Researchers also noted that attackers could perform denial-of-service (DOS) attacks via malformed files. Security experts say such risks are amplified when agentic AI tools are used by non-technical users who may struggle to recognize or mitigate abnormal behavior.

Dr. Margaret Cunningham, Vice President of Security and AI Strategy at Darktrace, said technical literacy plays a significant role in safely using agentic AI tools.

“People with strong technical literacy know how to do things like sandbox agents or avoid risky connectors, and they may be more likely to recognize dangerous patterns. Non-technical users don't usually understand how to do this, and CoWork is targeted at non-technical or less technical users.”

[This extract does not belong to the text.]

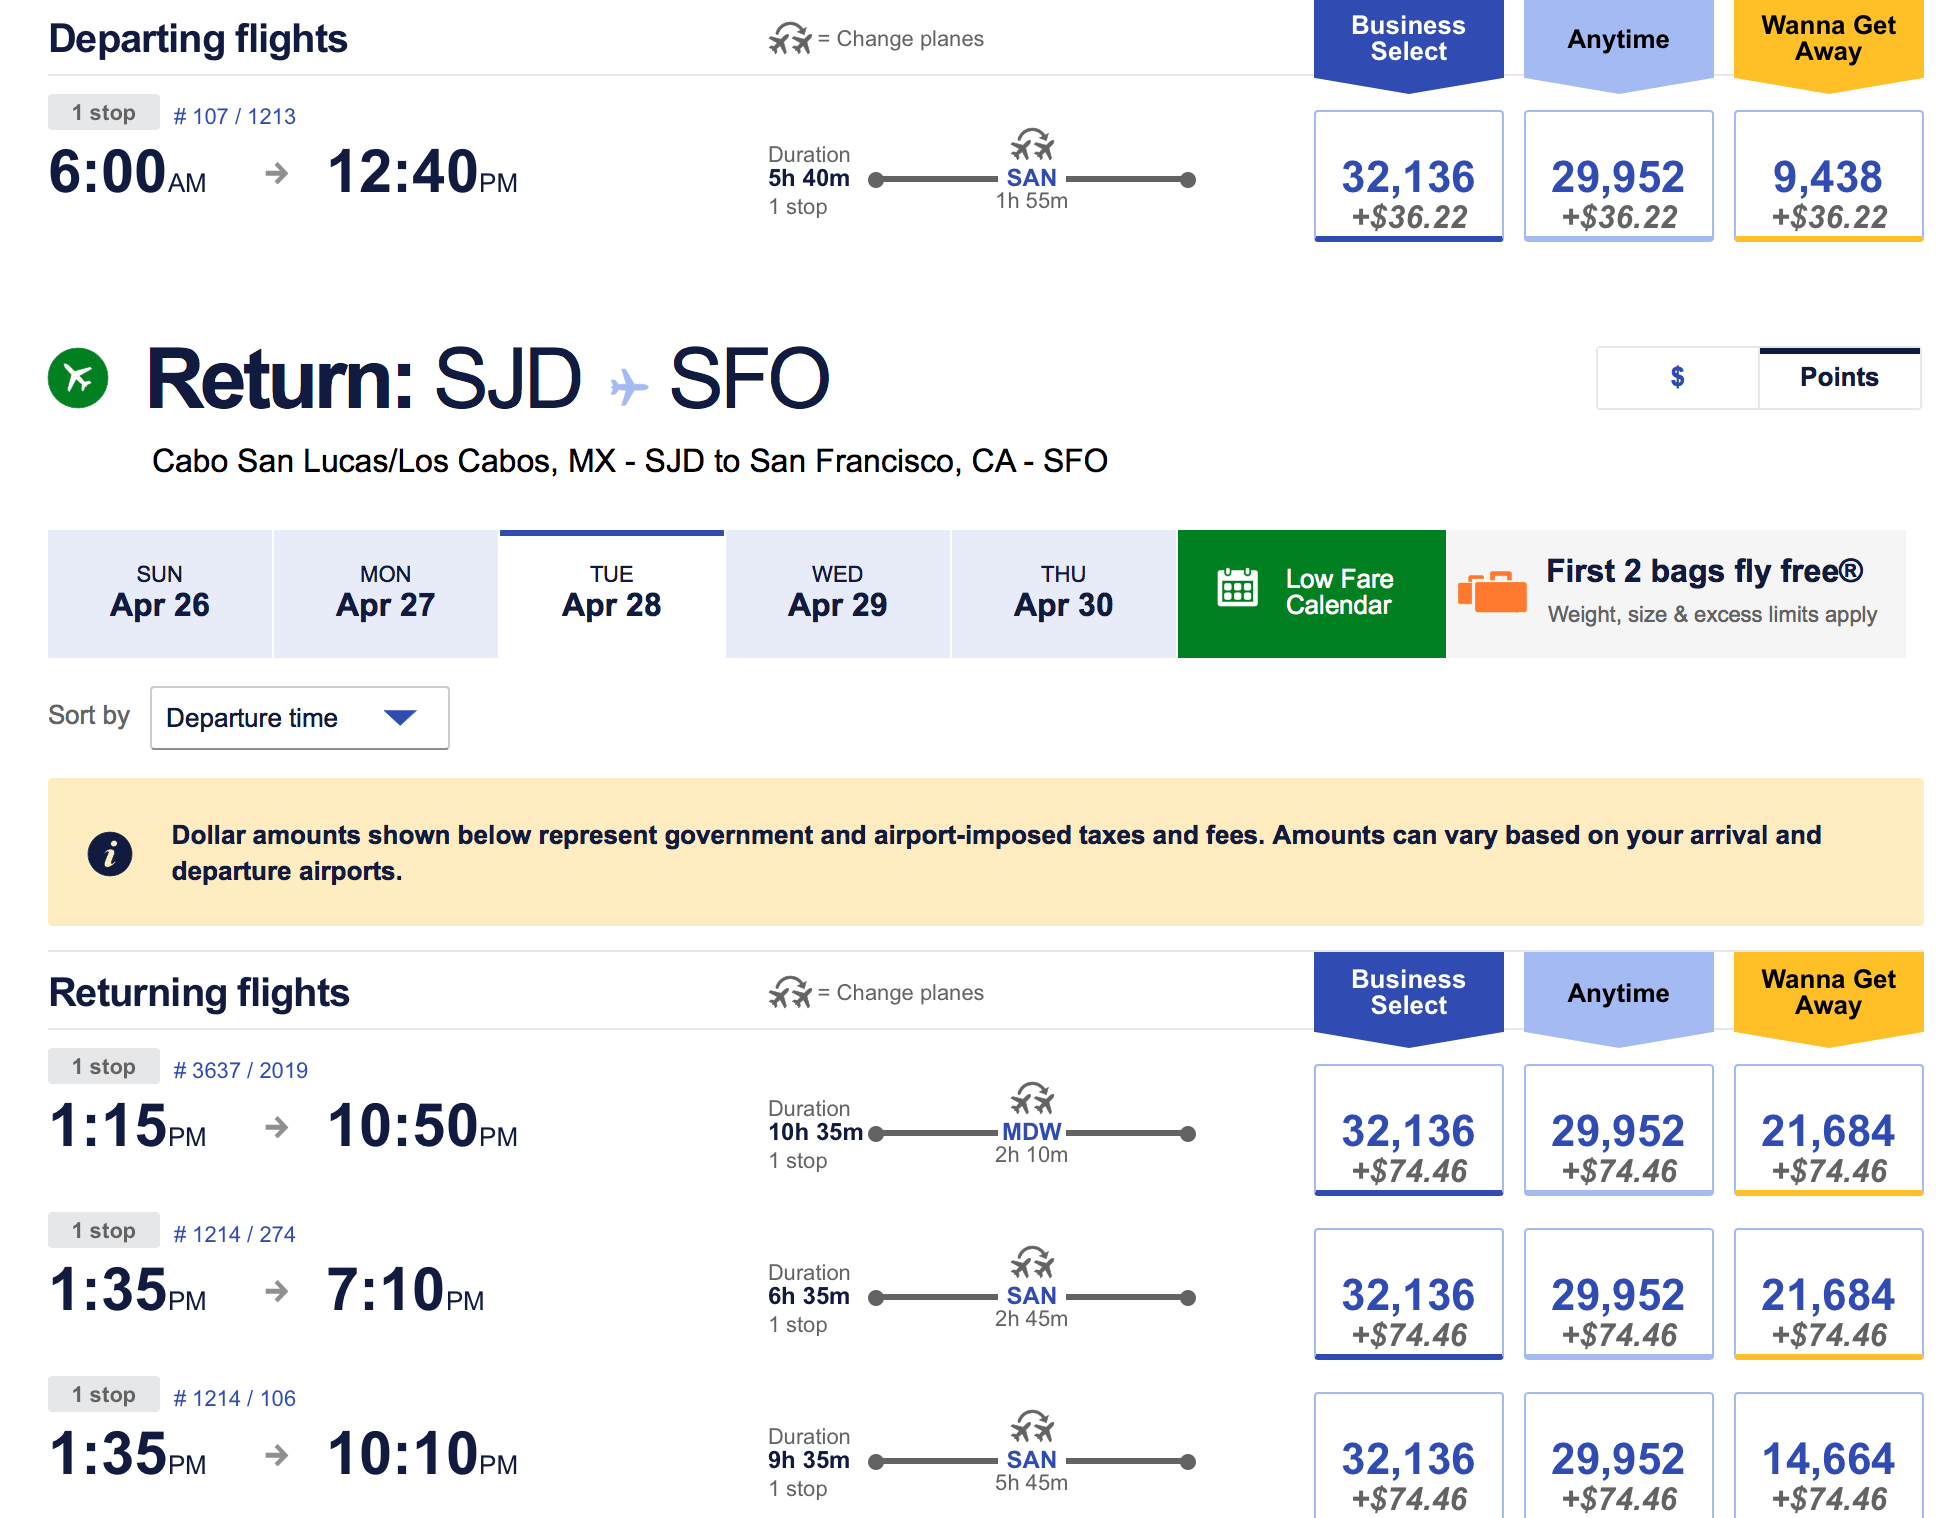 Screenshot of Southwest Airlines Redemption Chart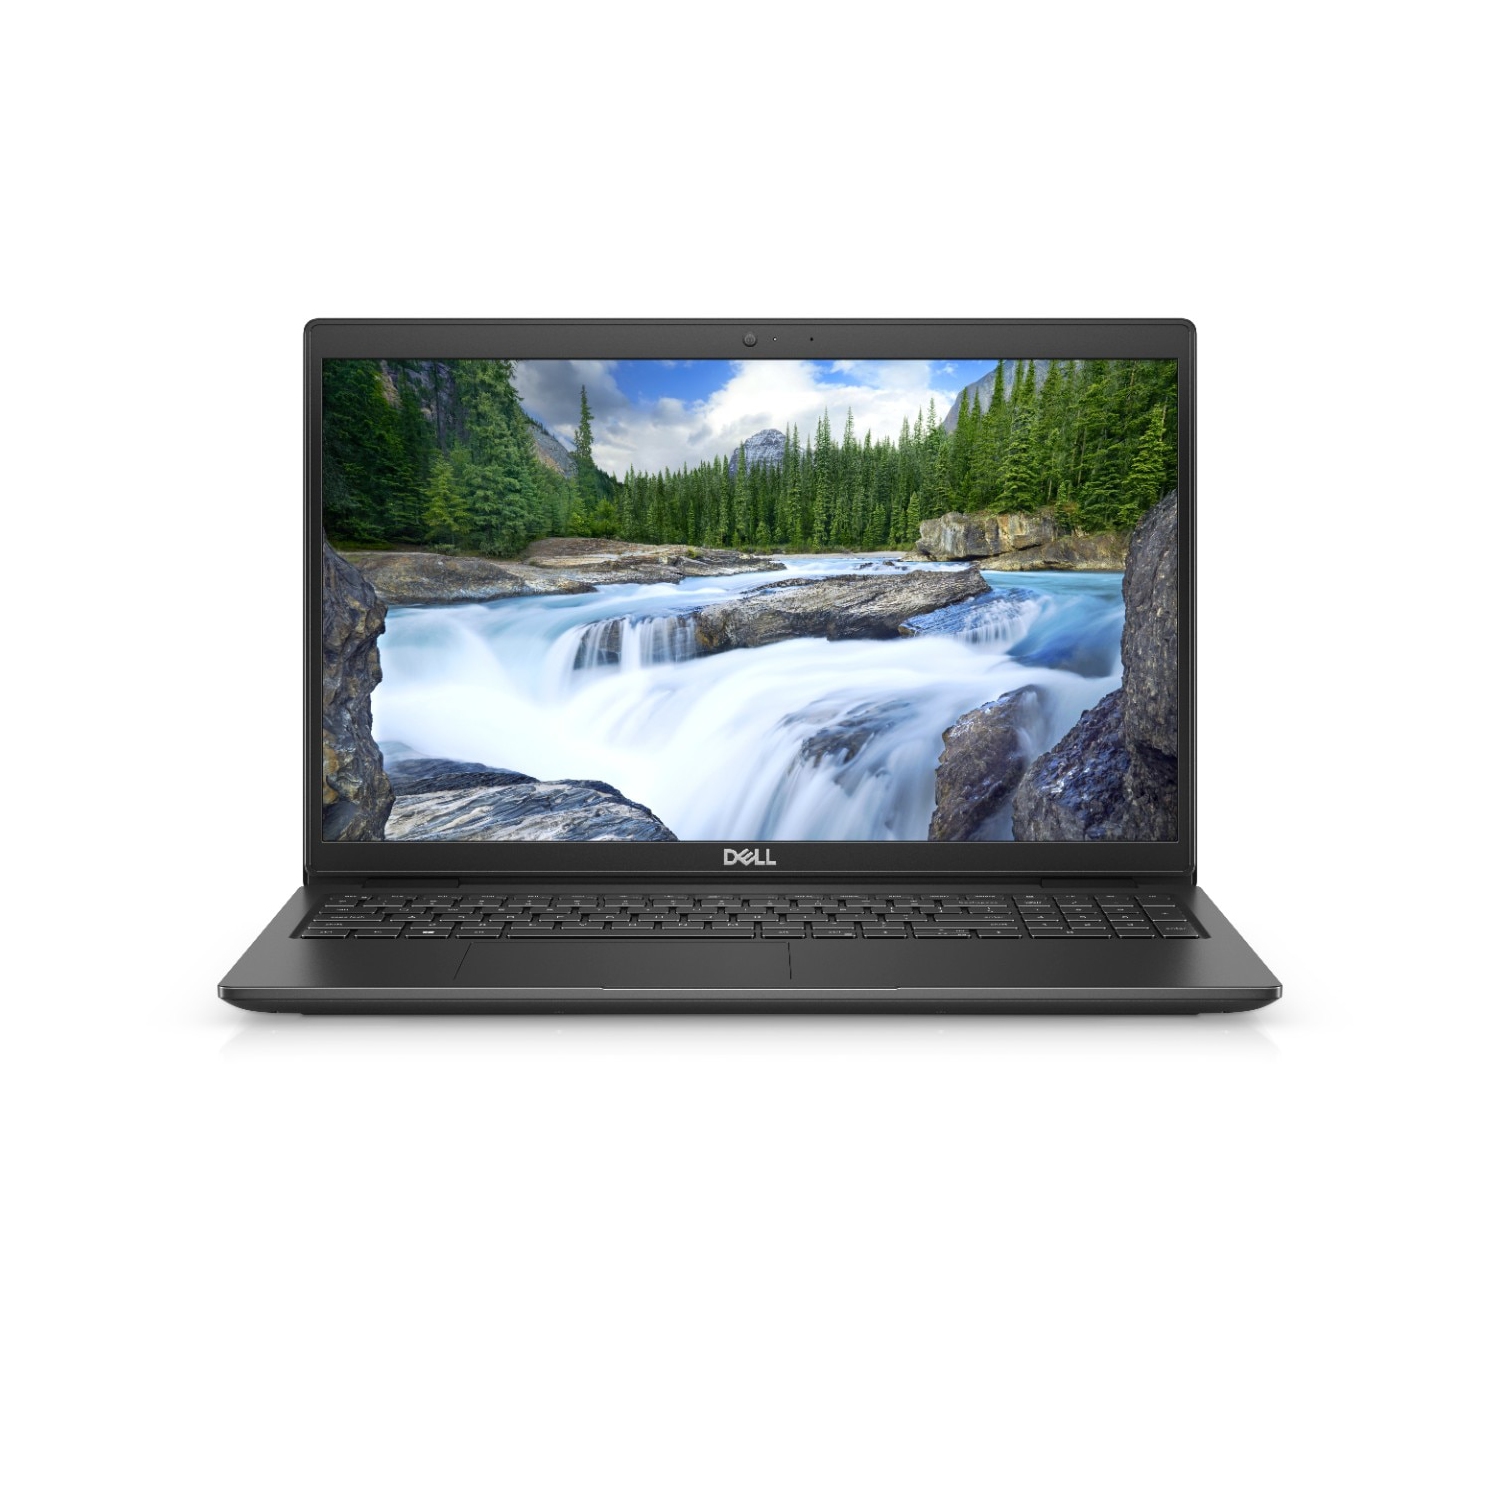 Refurbished (Excellent) - Dell Latitude 3000 3520 Laptop (2021) | 15.6" HD | Core i5 - 128GB SSD - 8GB RAM | 4 Cores @ 4.2 GHz - 11th Gen CPU Certified Refurbished

“In my opinion, this is an example of where we can see the capability gap illustrated such that those with high AI literacy are protected and those without it are disproportionately exposed to risks,” Cunningham added.

Gal Moyal, from the CTO Office at Noma Security, said integrating Cowork with broader Claude capabilities increases exposure if guardrails are insufficient. "It’s not only my local drive which I provide access to, but also all the integrations are now at risk for sensitive data exfiltration, data removal or alteration, and sending emails or publishing posts under your name."

Moyal said. “Without proper guardrails, your identity which you have delegated to Claude can be used for anything.”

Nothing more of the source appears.